[Ocfs2-devel] [PATCH] ocfs2/dlm: Clean DLM_LKSB_GET_LVB and DLM_LKSB_PUT_LVB when the cancel_pending is set
Changwei Ge
ge.changwei at h3c.com
Sat Dec 8 00:14:18 PST 2018
On 2018/12/8 15:40, wangjian wrote:
> Hi Changwei,
>
> What do you mean by setting the LVB bit to be 428 lines of memcpy?

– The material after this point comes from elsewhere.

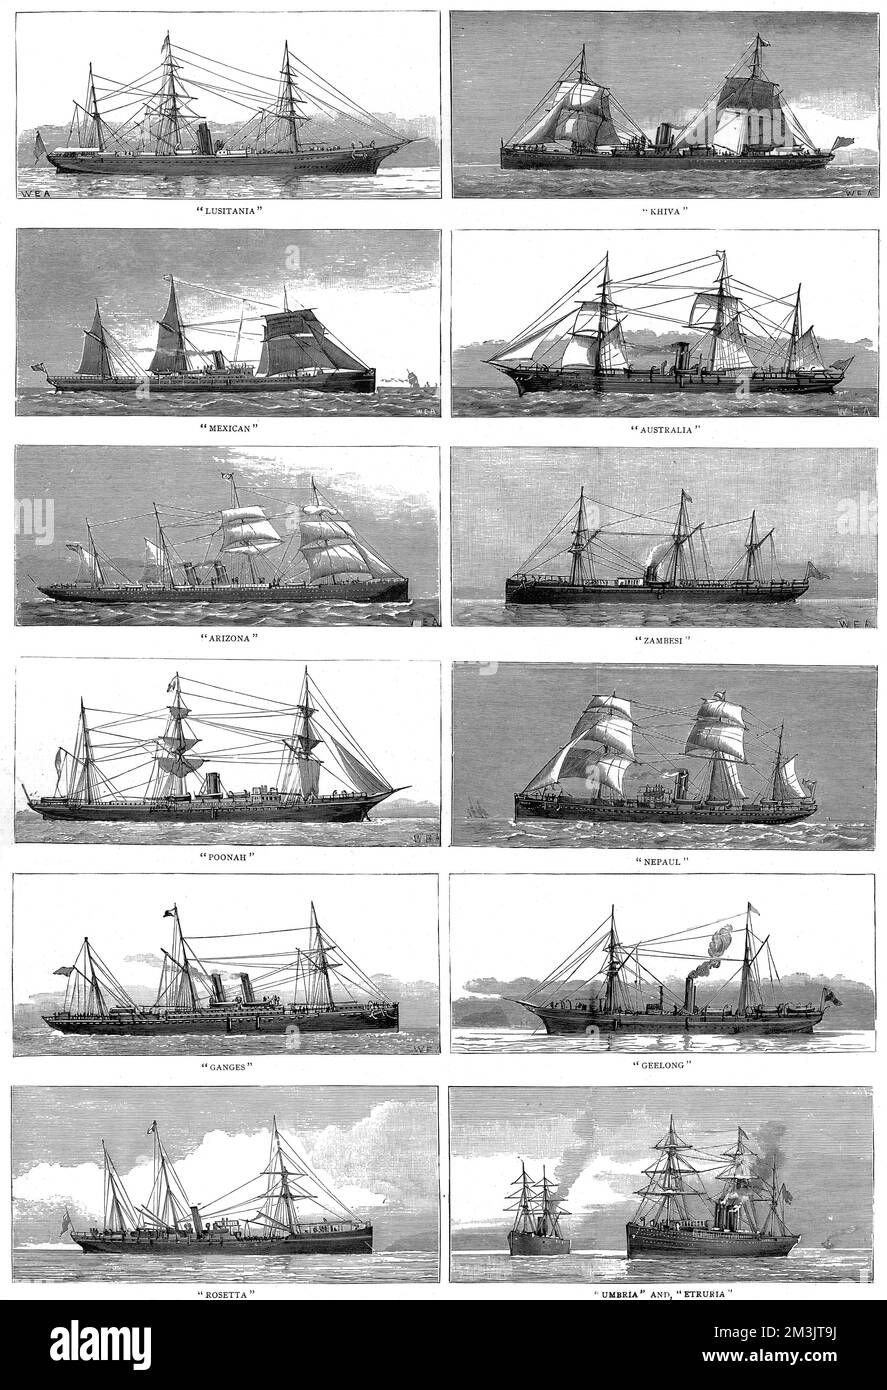 Steamships 'Lusitania', 'Khiva', 'Mexican', 'Australia', 'Arizona', 'Zambesi', 'Poonah', 'Nepaul', 'Ganges', 'Geelong', 'Rosetta', 'Umbria' and 'Etruria' (left to right, top to bottom). These ships, from the P&amp;O, Cunard, Orient, Union and Guion Lines, were among 150 merchant vessels that the British Government could have taken over to act as Armed Cruisers in the event of a war with Russia.  1885 Stock Photo
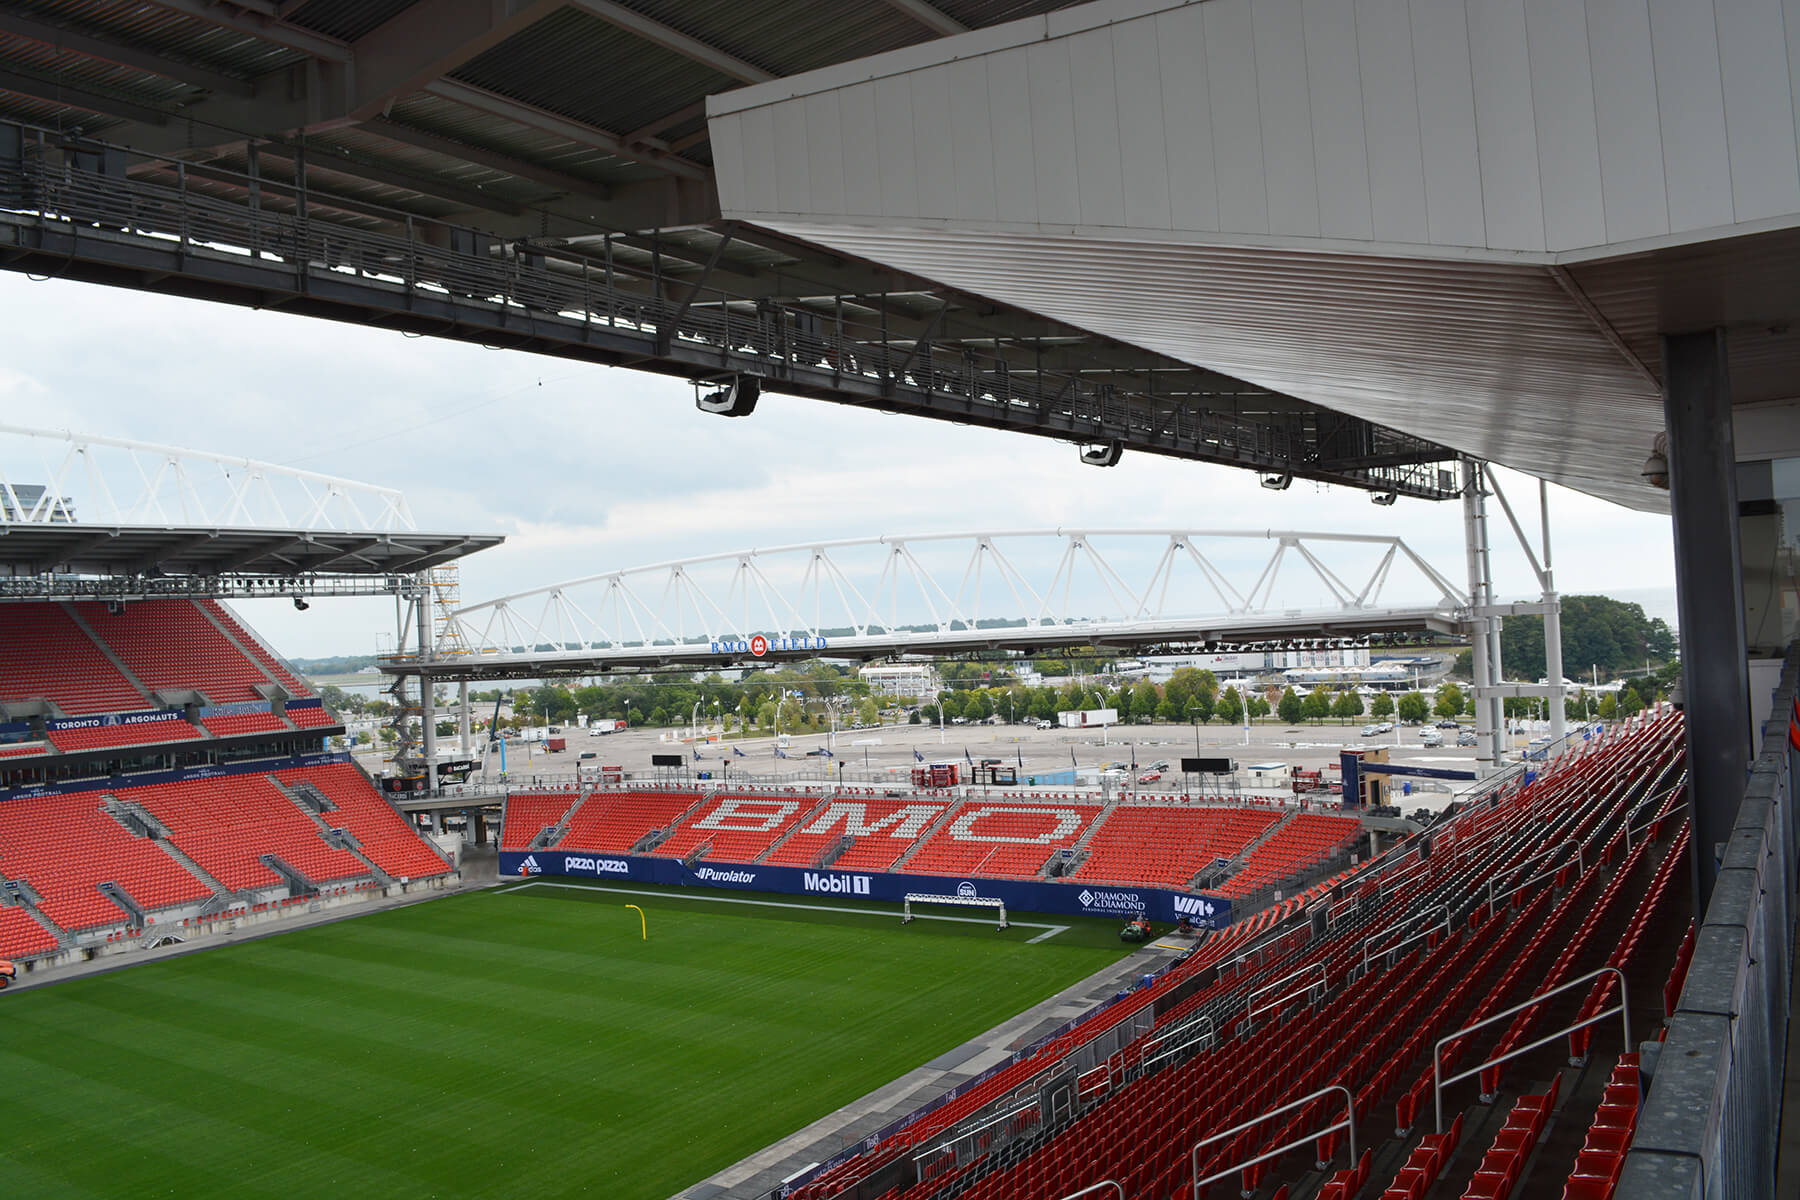 BMO Field Expansion

> If so, you should realize that under the scenario and problem solving method I mentioned,
> the result of the last AST processing of the if statement in line 426 is false.
> This is indeed a more complicated anomaly scenario,
> and you may not fully understand the scenario I mentioned above.
> Below I will describe the key points of this scenario again.
>
> The master of the lock resource has died. Because Node3 is in the cancel_convert process,
> Node3 moves the lock to the grant queue in the dlm_move_lockres_to_recovery_list
> function (the DLM_LKSB_GET_LVB and DLM_LKSB_PUT_LVB are not cleared).
> The lock information is sent to the new master (Node4) during the recovery process.
> Then the cancel_convert process clears DLM_LKSB_GET_LVB and DLM_LKSB_PUT_LVB.
> The lock_3 information on the new master (Node4) is inconsistent with
> the local lock_3 information on Node3, causing a BUG to occur when Node3 receives the AST.
Aha... I got your point and what's the problem like.
So as the old master died Node3 thinks that the conversion cancellation succeeds and thus clears _DLM_LKSB_PUT_LVB_ and _DLM_LKSB_GET_LVB_ in dlmunlock_common().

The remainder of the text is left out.